Mustafa asked in his op-ed:

“What Kurdish entities have been categorized as a terror group that received support and finance from Masrour?”

However, Syrian parliament member Mahmoud Joukhdar reportedly claims to have evidence against Masrour Barzani. In statements to the media Jan. 4, Joukhdar accused both Massoud and Masrour Barzani of “committing crimes in northeast Syria by supporting armed Kurds with finance and weaponry.” Joukhdar said his country reserves the right to prosecute Masrour Barzani on the domestic and international stage.
However, legal expert and former Judge Tareq Harb told Al-Monitor,

“It’s not possible to label Masrour Barzani as a terrorist in the sense established in the terminologies of Security Council resolutions or the 2005 Iraqi Anti-Terrorism Law, which defines terrorism as ‘every criminal act committed by an individual or an organized group that targeted an individual or a group of individuals or groups or official or unofficial institutions and caused damage to public or private properties, with the aim to disturb the peace, stability, and national unity …’ — which doesn’t apply to the case of [Masrour Barzani].”

According to Article 1, Paragraph 2 of the Convention for the Prevention and Punishment of Terrorism of 1937, which was established in Geneva under the now-dissolved League of Nations, the term “acts of terrorism” was defined as “criminal acts directed against a State and intended or calculated to create a state of terror in the minds of particular persons, or a group of persons or the general public.”
It is worth noting that at the time of this writing there are no Iraqi Kurdish parties or entities on terrorist lists.
But what if Syria’s list is taken seriously? Ali al-Tamimi, also a former judge, said it is not that simple.

“Even in cases where the name of an individual is added to the UN’s lists of designated terrorist groups or those of other states, it doesn’t hold any legal weight,” Tamimi told Al-Monitor. “[That is,] unless a law or resolution was passed by the Iraqi judiciary or Kurdistan’s judiciary validating that list,” he added.
“The Iraqi government should address the Syrian government formally,” Tamimi said. “In any case, Iraq is not bound to extradite Masrour or anyone else for the matter based on those lists, unless he was wanted by another state through Interpol. Even in this case, Iraq can refuse to surrender him should the state wish to do so.”
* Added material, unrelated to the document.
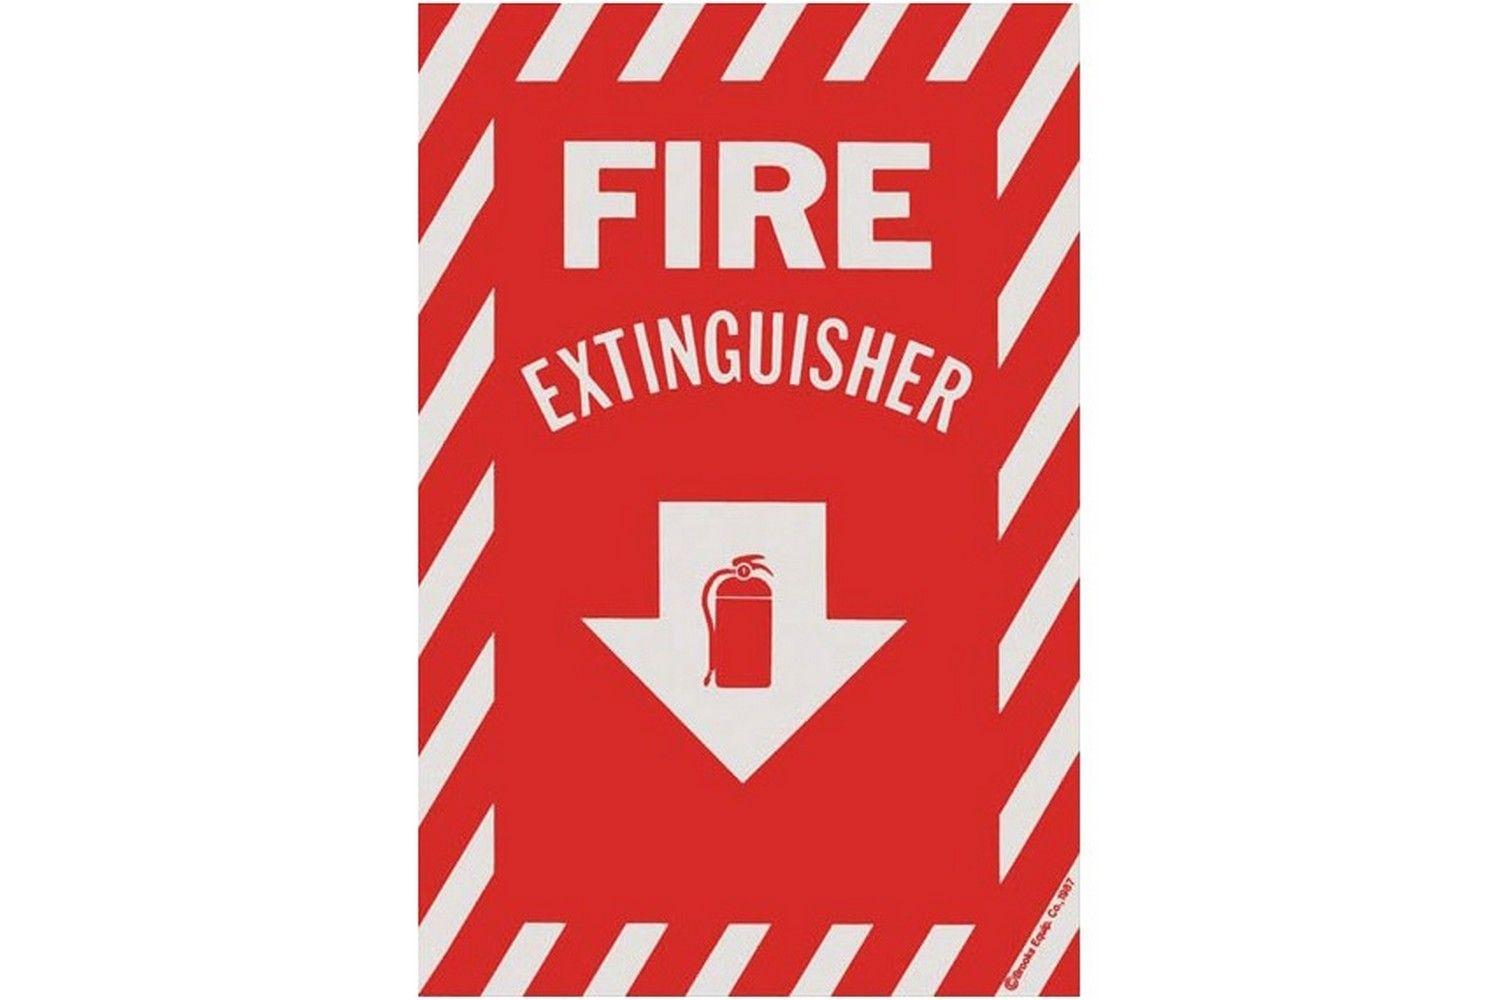 Fire Extinguisher Arrow Logo - FIRE EXTINGUISHER ARROW SIGN X 12

Political analyst and writer Kathem al-Haj of Al-Hadaf Network for Political and Media Analysis spoke to Al-Monitor and stressed “the existence of political implications to the Syrian list rooted in [Masrour Barzani’s] involvement in the Syrian situation.” Haj cited Article 7 of the 2005 Iraqi Constitution:

“The state shall undertake to combat terrorism in all its forms, and shall work to protect its territories from being a base, pathway or field for terrorist activities.”

He also cited Article 8, which says,

“Iraq shall observe the principles of good neighborliness, adhere to the principle of noninterference in the internal affairs of other states.”
“Masrour Barzani should adhere to Iraq’s Constitution and laws,” Haj said, adding, “[He should also] not take any position in support of any religious or ethnic group in another state, because this is prohibited according to the law.

Haj said,

“Iraqi Kurdistan should inquire as to the reason why [Masrour Barzani’s] name was put on Syria’s list for terrorist entities through the Iraqi Ministry of Foreign Affairs and move forward by sticking to legal measure mechanisms through formal channels.”

But it seems that the central government, judging from the response by Baghdad and Iraq’s Ministry of Foreign Affairs, remains unconcerned by the Syrian list. Meanwhile, the Iraqi Kurdistan government has limited its response to the one statement made to the media and merely a handful of condemnations.